Джо Грэм - Чёрные корабли
Пифия наклонилась над углями и долго молчала, хотя я не чувствовала того едва уловимого озноба, которым обычно отзывалось присутствие Владычицы. Наконец длинная белая рука пифии простерлась к вопрошающему.
— Львица добывает оленя, но лев пожирает труп дочиста, и львята скулят от голода, не имея даже крох его трапезы.
Толстяк побледнел.
— Более ничего не видно, — сказала пифия.
Долкида вошла и занялась двумя кувшинами отборного оливкового масла, что принесли гости.
Толстяк посмотрел на дочь, затем перевел взгляд на пифию:
— Верно ли я понимаю? Моя дочь принесет в брак богатство, и все же ей с детьми грозит нужда, а муж будет благоденствовать?
— Ее пути неведомы, — ответила пифия. — Я видела то, что видела: льва, пожирающего добычу, и голодную львицу с детенышами.
Уходя, он клятвенно пообещал, что обручению не быть, и девочка улыбнулась; ее чистый голос звенел в вечернем воздухе, когда они сворачивали к дороге.
Я проводила их взглядом и вернулась в пещеру. Пифия снимала с лица краску.
— С тобой вправду говорила Она?
Пифия взглянула на меня пристально:
— Владычица Мертвых дала нам глаза: чтобы разбираться в обыденных нуждах, достаточно простого зрения. Сама Она обращается к нам лишь в крайней надобности, давая ответ отнюдь не на все вопросы. Девочка не хотела этого брака — она знает парня несколько месяцев и отчего-то его страшится. Замужество было бы нерадостным, и чем раньше отец перестанет о нем думать, тем лучше.
Пифия приобняла меня за плечи.
— Владычица дала тебе дар истинного видения. Но мудрость нельзя получить как дар, она приходит лишь с опытом. Порой ты становишься Ее вместилищем, однако в прочих случаях тебе предстоит полагаться на собственный разум, а не на знамения Владычицы.

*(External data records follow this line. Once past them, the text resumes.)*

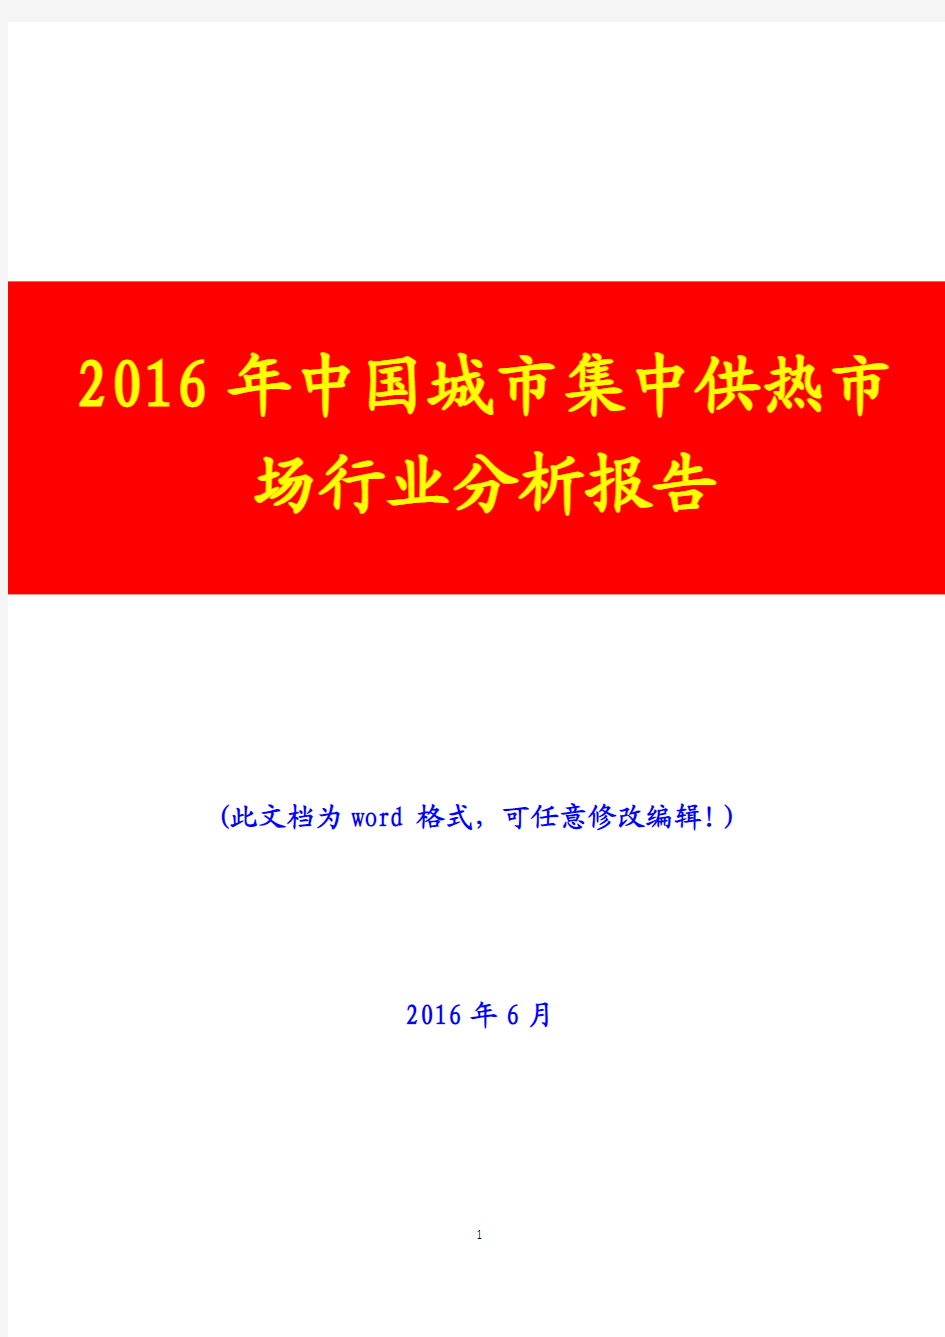 2016年中国城市集中供热市场行业分析报告(完美版)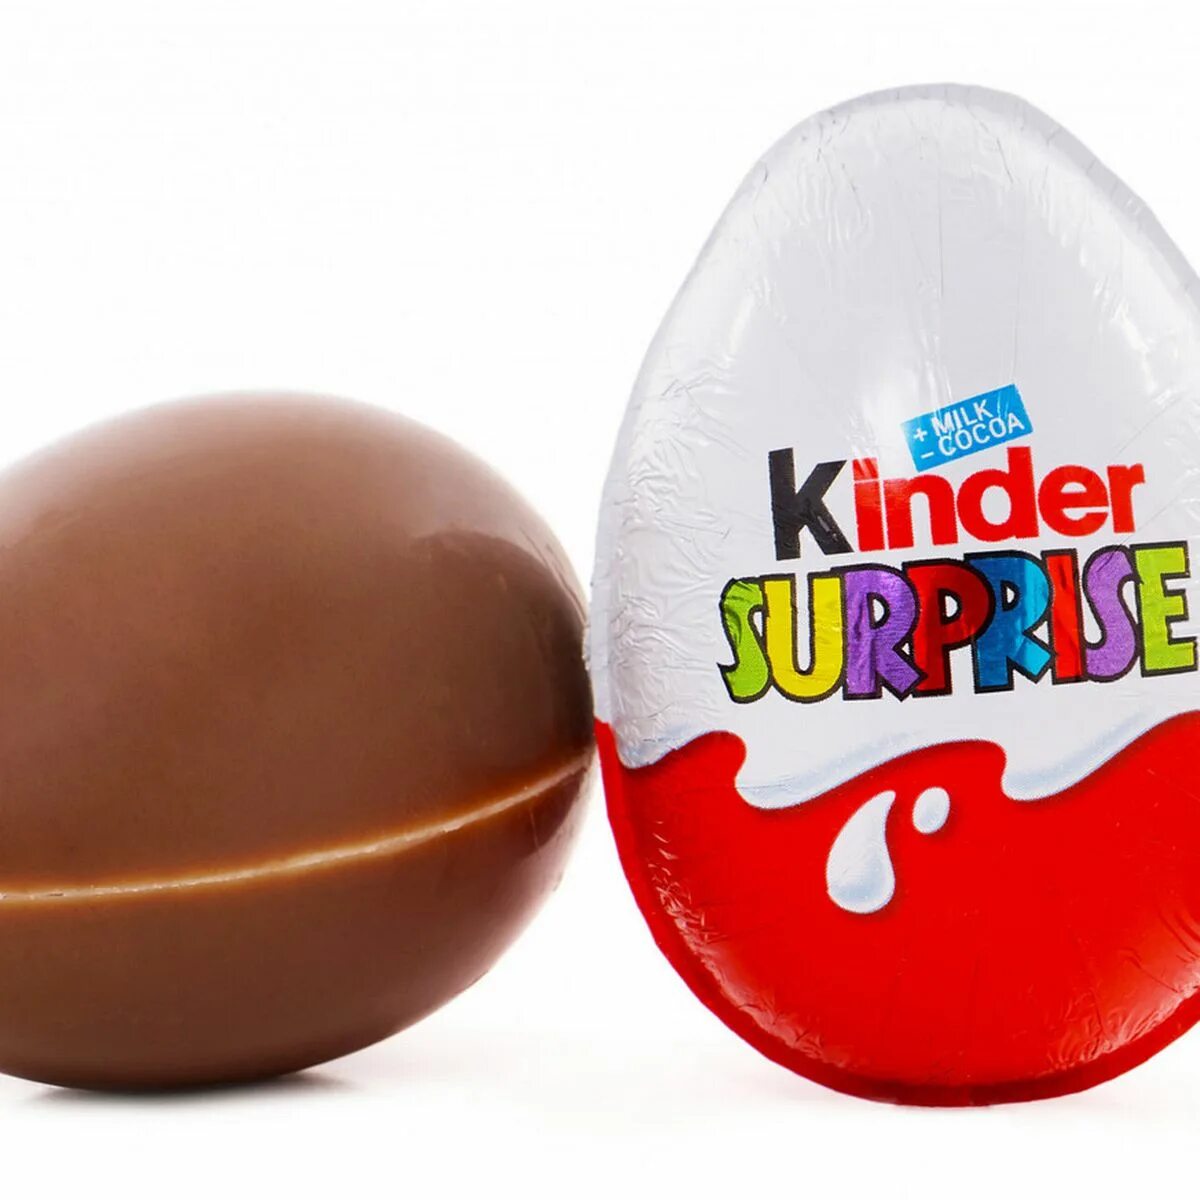 Читать киндер. Киндер сюрприз. Kinder сюрприз. Яйцо Киндер сюрприз. Шоколадное яйцо Киндер сюрприз.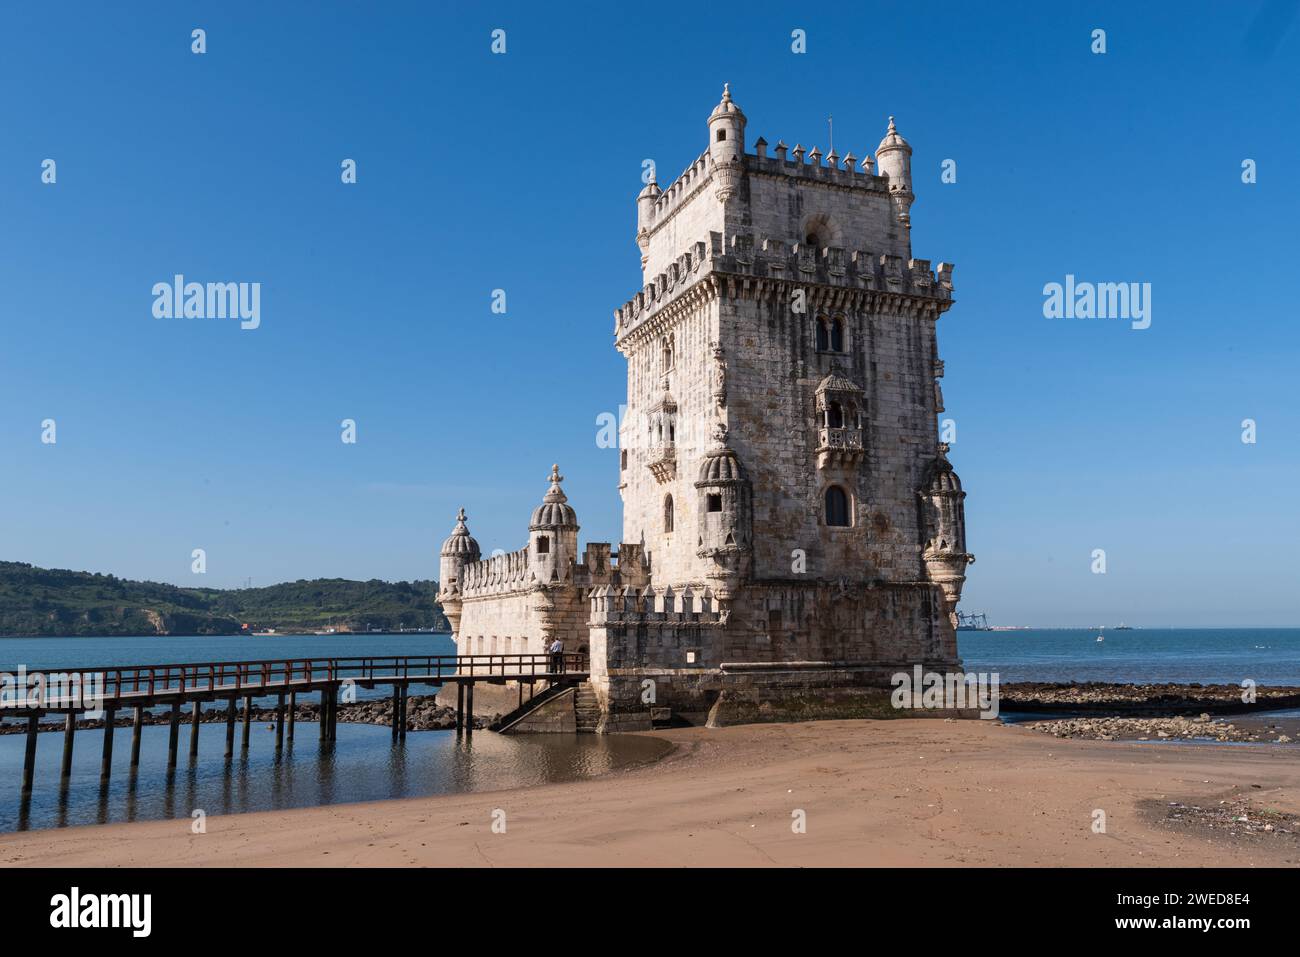 Explorez la Tour Belem de Lisbonne : un monument historique au bord du Tage, qui tisse l'histoire maritime du Portugal Banque D'Images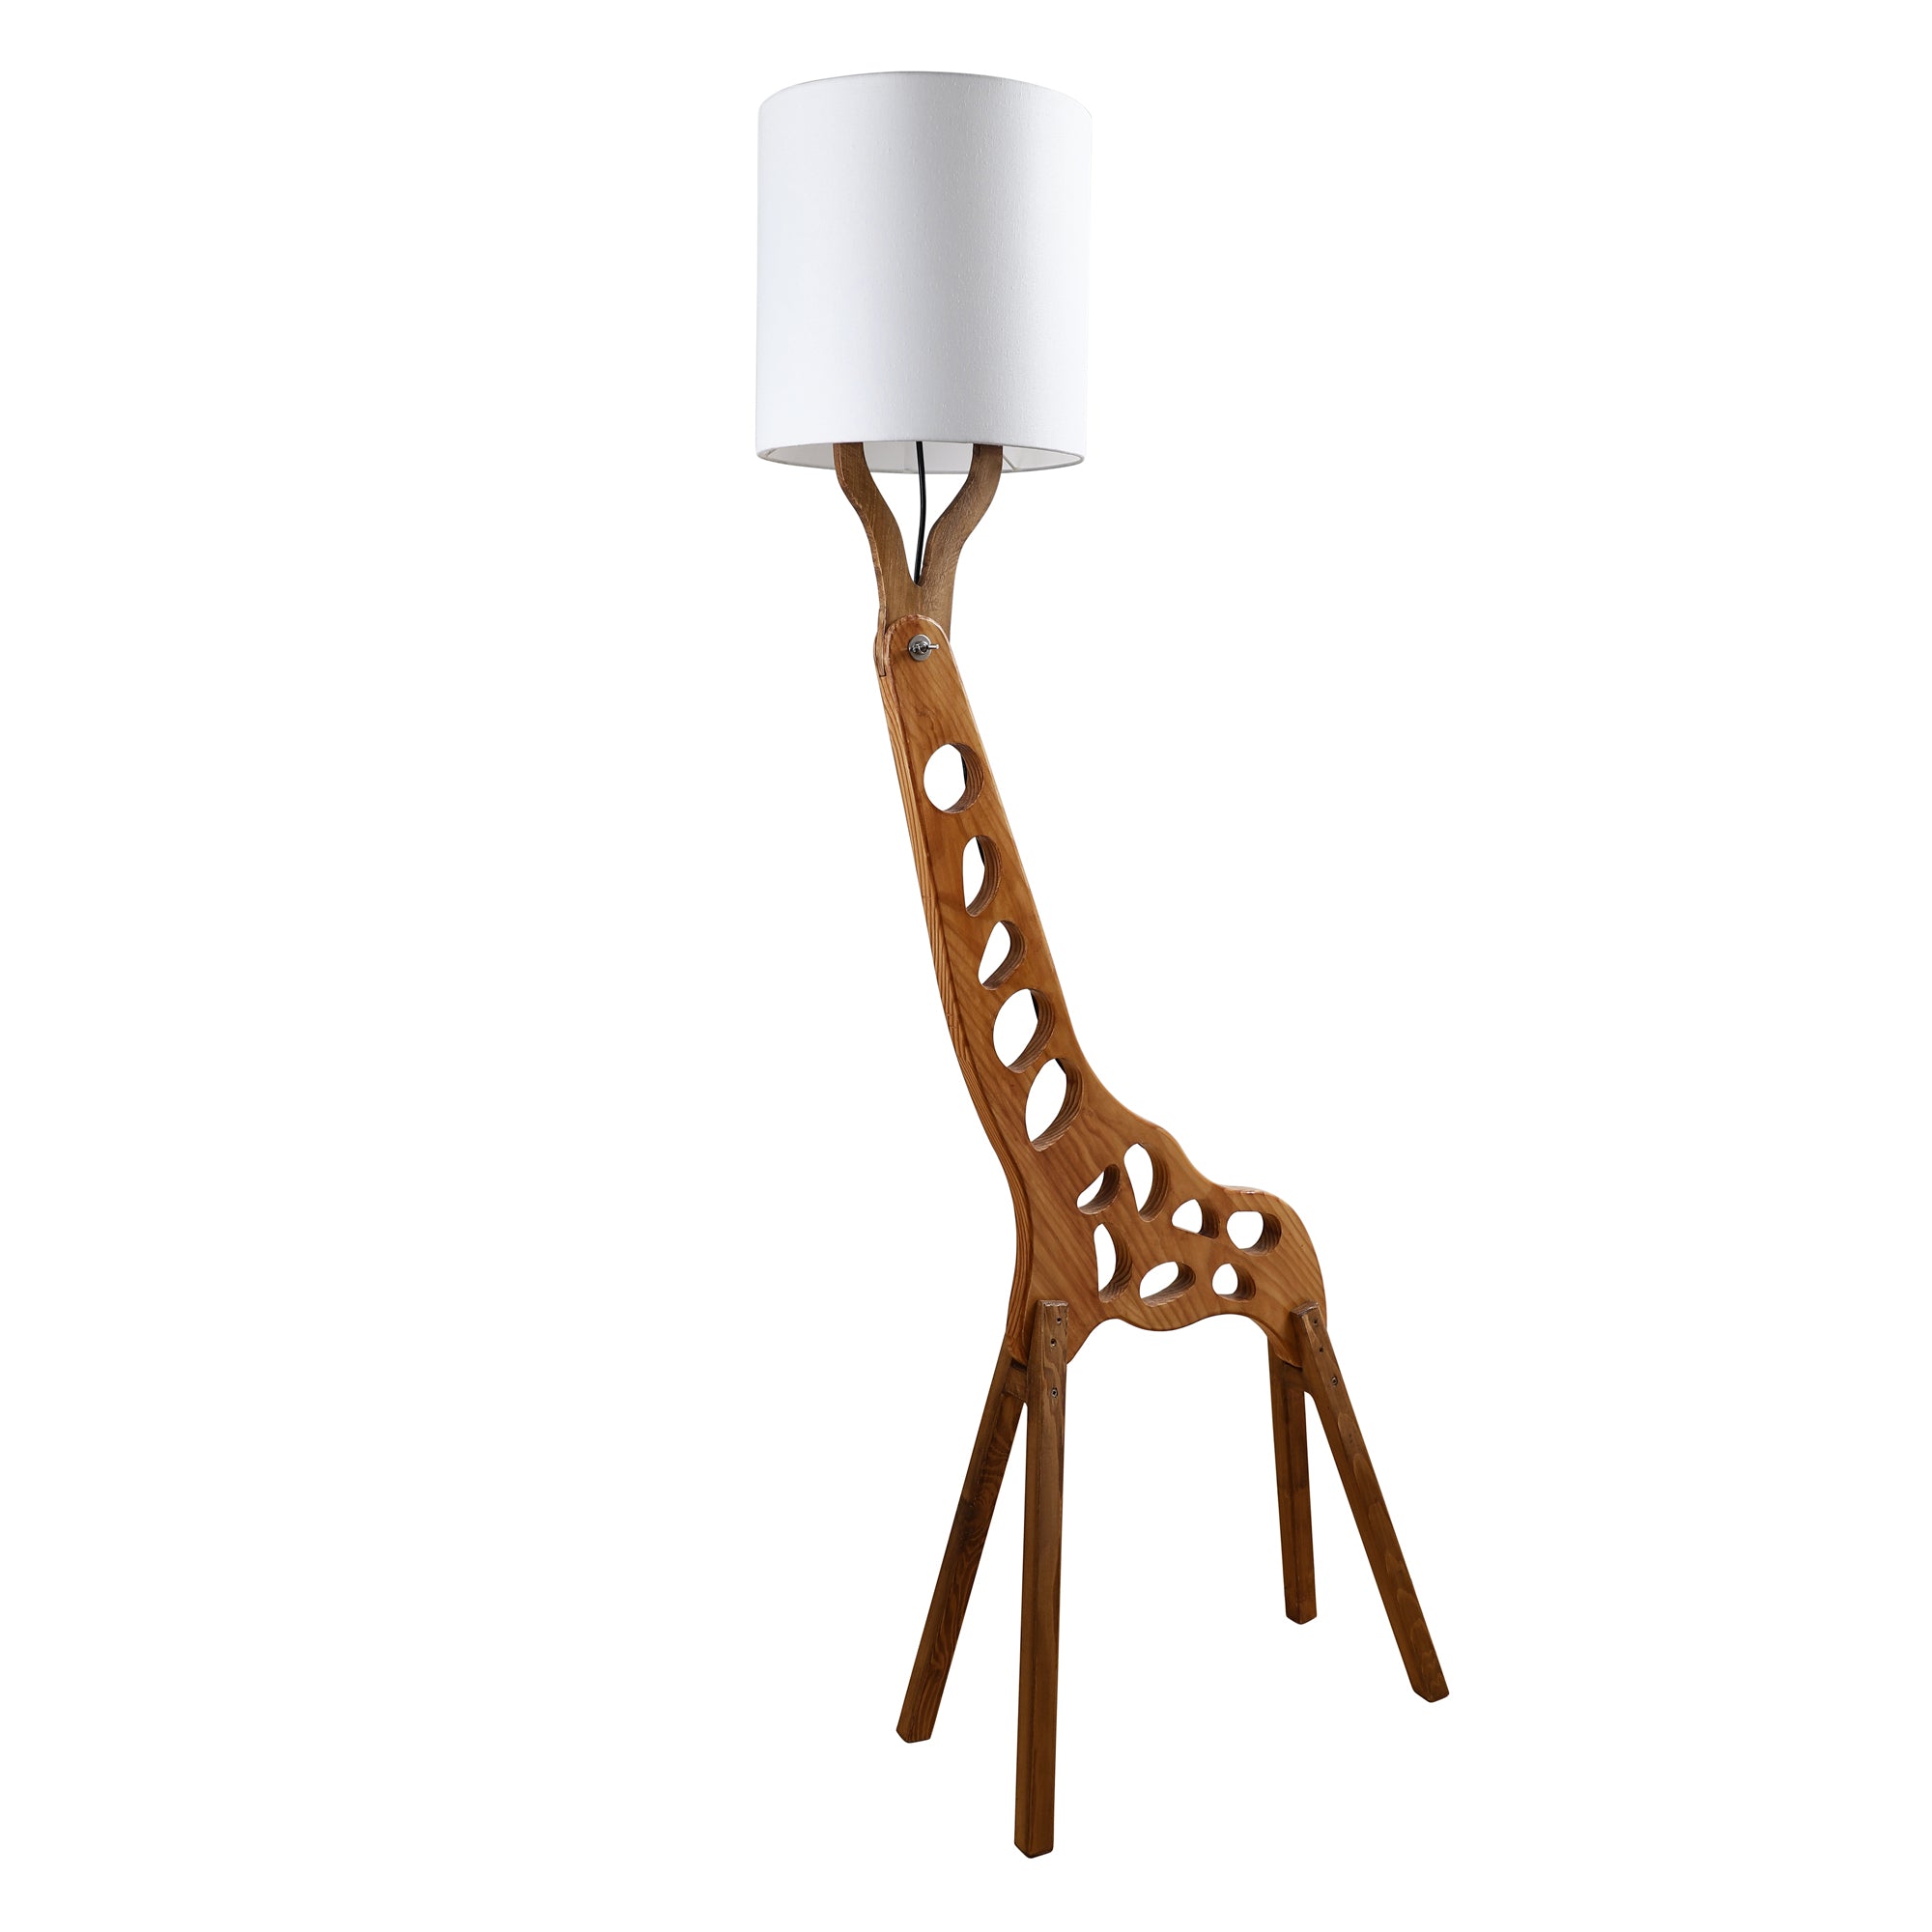 The Giraffe Floor Lamp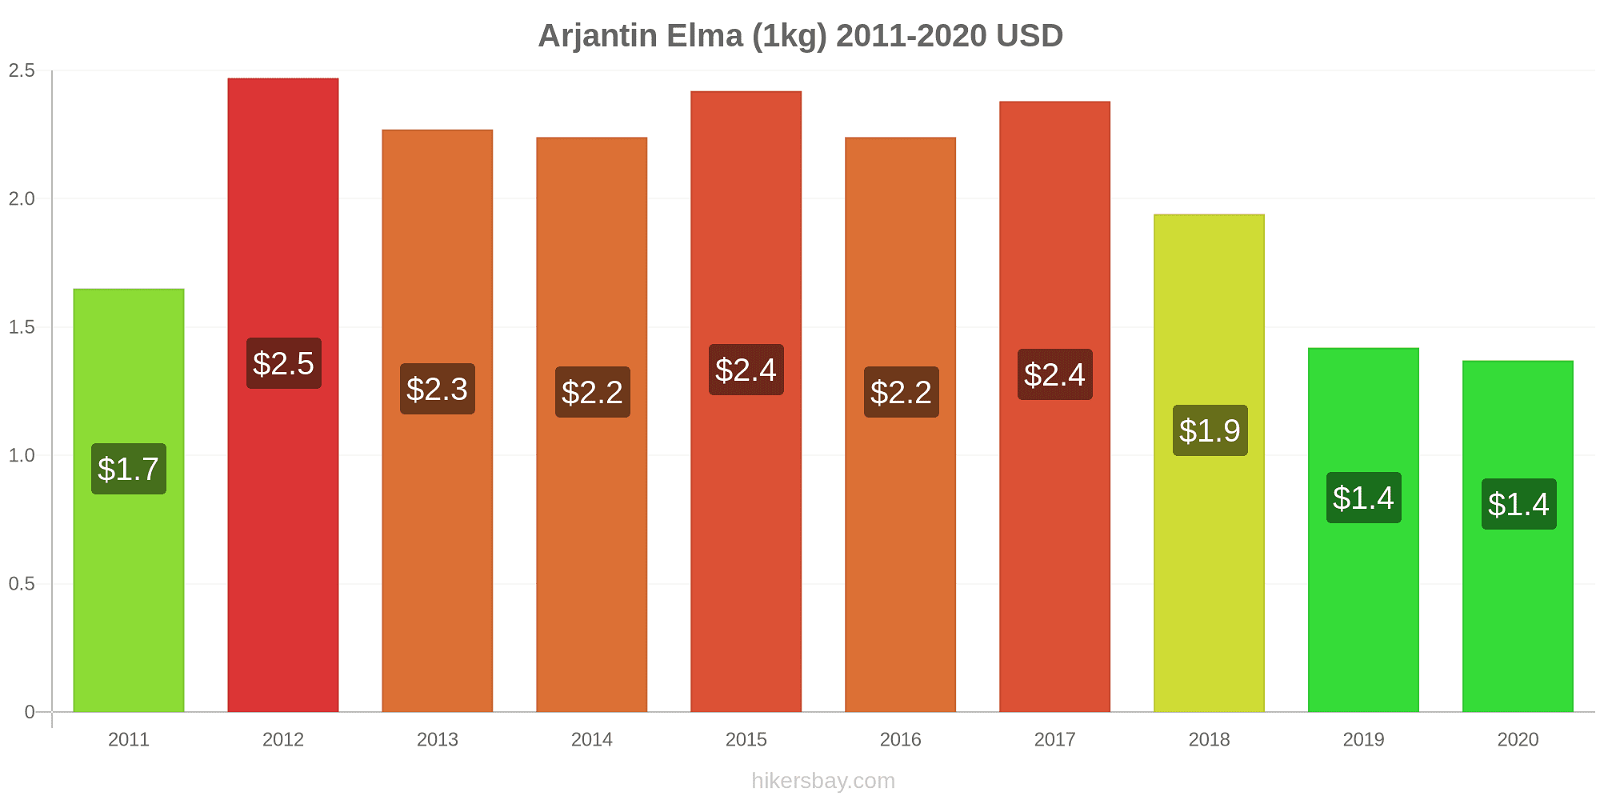 Arjantin fiyat değişiklikleri Elma (1kg) hikersbay.com

И все же оставались запреты. В дальнем углу пещеры открывался проход, ведущий вниз; пифия задернула его черной тканью, и Долкида обходила его стороной. Когда я однажды подошла и откинула полог, пифия меня остановила.
— Не сейчас, — сказала она мягко.
В ту весну, когда мне еще не исполнилось двенадцать, в ночь после нашего возвращения с праздника Сошествия меня разбудила Кила.
С тех пор как я перешла в святилище, мы виделись редко: и у нее, и у меня были свои обязанности, и мы встречались, только когда пифия отпускала меня навестить мать.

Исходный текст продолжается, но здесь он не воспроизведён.